Amazing Benefits of Ghee
Posted on 13 February 2017
(Image via Pinterest.com)
We’ve all heard of the health benefits of using coconut oil, but there is a new fat in town that’s been highly prized for cooking and it’s called Ghee. I’ve never favored using coconut oil, because it always strips away the natural taste of my ingredients, which I’m not too fond of. Ghee, however, has a nutty flavor that looks like butter, smells like butter and made with butter. So, how healthy can it be?
Ghee is made from a natural source (butter) and because of the way it’s prepared, the lactose and milk protein content is minimal making it better tolerated by those with dairy sensitivities.

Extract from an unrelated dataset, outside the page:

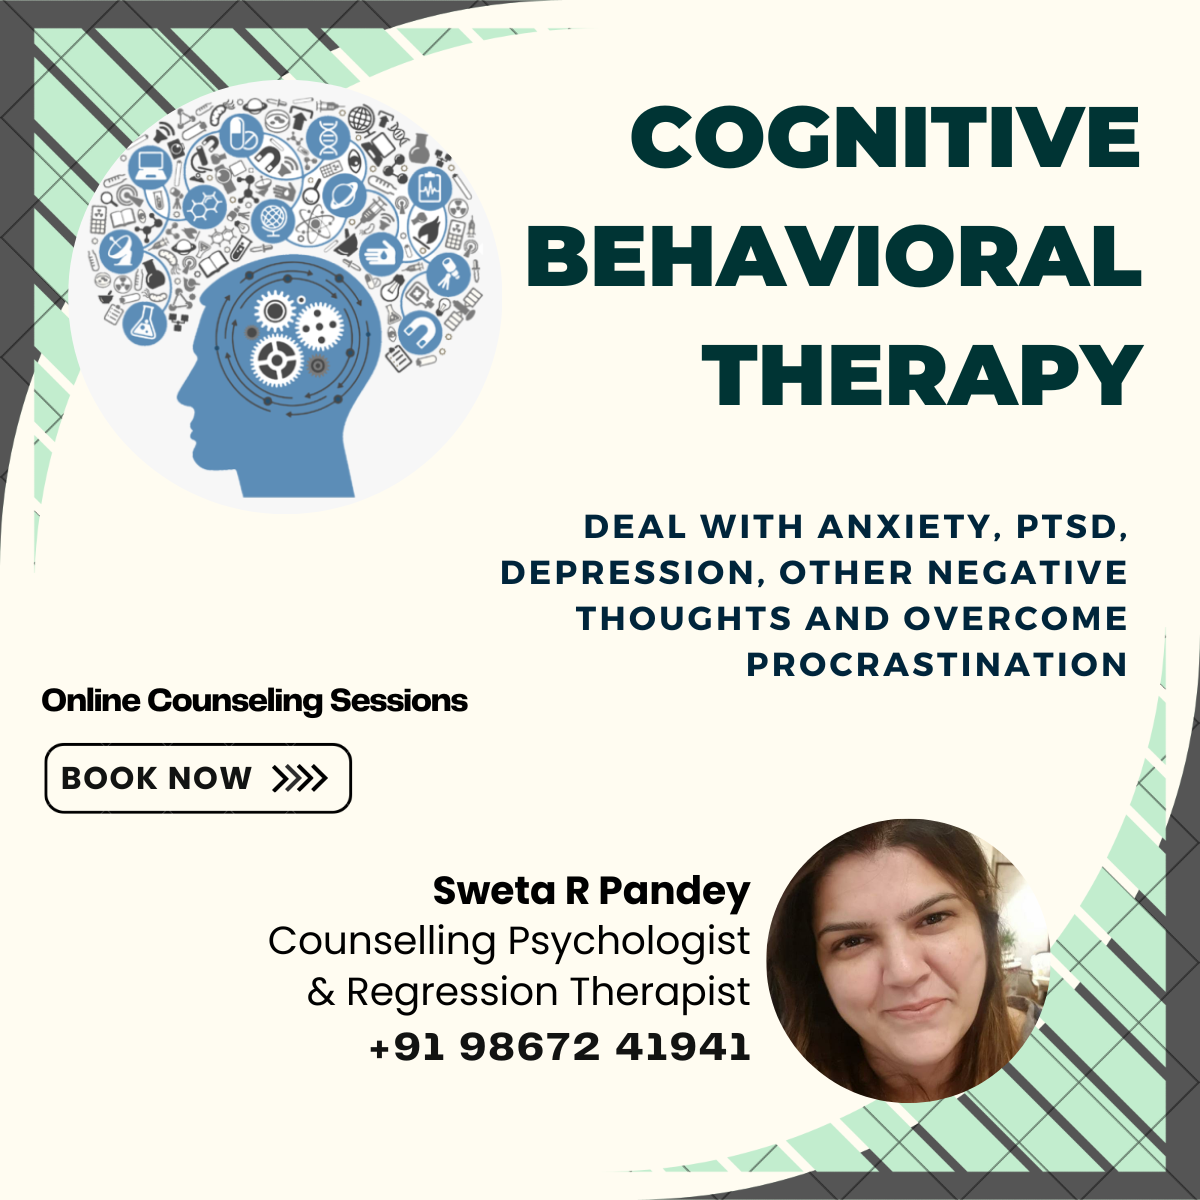 Sweta R Pandey - Cognitive Behavioral Therapy - Vadodara

- Has higher smoke point than normal butter, olive oil and coconut oil making it a great choice for sautéing or stir-frying
- Ghee is rich in butyrate, a short chain fatty acid that can decrease inflammation and help improve the digestive system
- It’s rich in fat soluble vitamins A,D,E and K. One tablespoon can provide 15% of your daily requirements of vitamin A
- Ghee has been used to decrease inflammation when rubbed externally onto the skin and can treat burns and swelling
- It tastes great over popcorn, rice, veggies and bread (in moderation, of course)
- Provides an insulin resistance to potentially treating cancer
Truth be told, you can make Ghee on your own! We’ve provided a simple recipe for you to follow. Enjoy!
Total Time: 12 Min
Prep: 1 Min
Cook: 11 Min
Ingredients: 1 pound butter
Place butter in medium saucepan over medium-high head. Bring butter to boil. This takes approximately 2-3 minutes. Once boiling, reduce heat to medium. The butter will form foam which will disappear. Ghee is done when a second foam forms on top of butter, and the butter turns golden. Approximately 7 to 8 minutes. Brown milk solids will be in bottom of pan. Gently pour into heatproof container through fine mesh strainer or cheesecloth. Store in airtight container being sure to keep free from moisture. Once Ghee does not need refrigeration and will keep in airtight container for up to 1 month.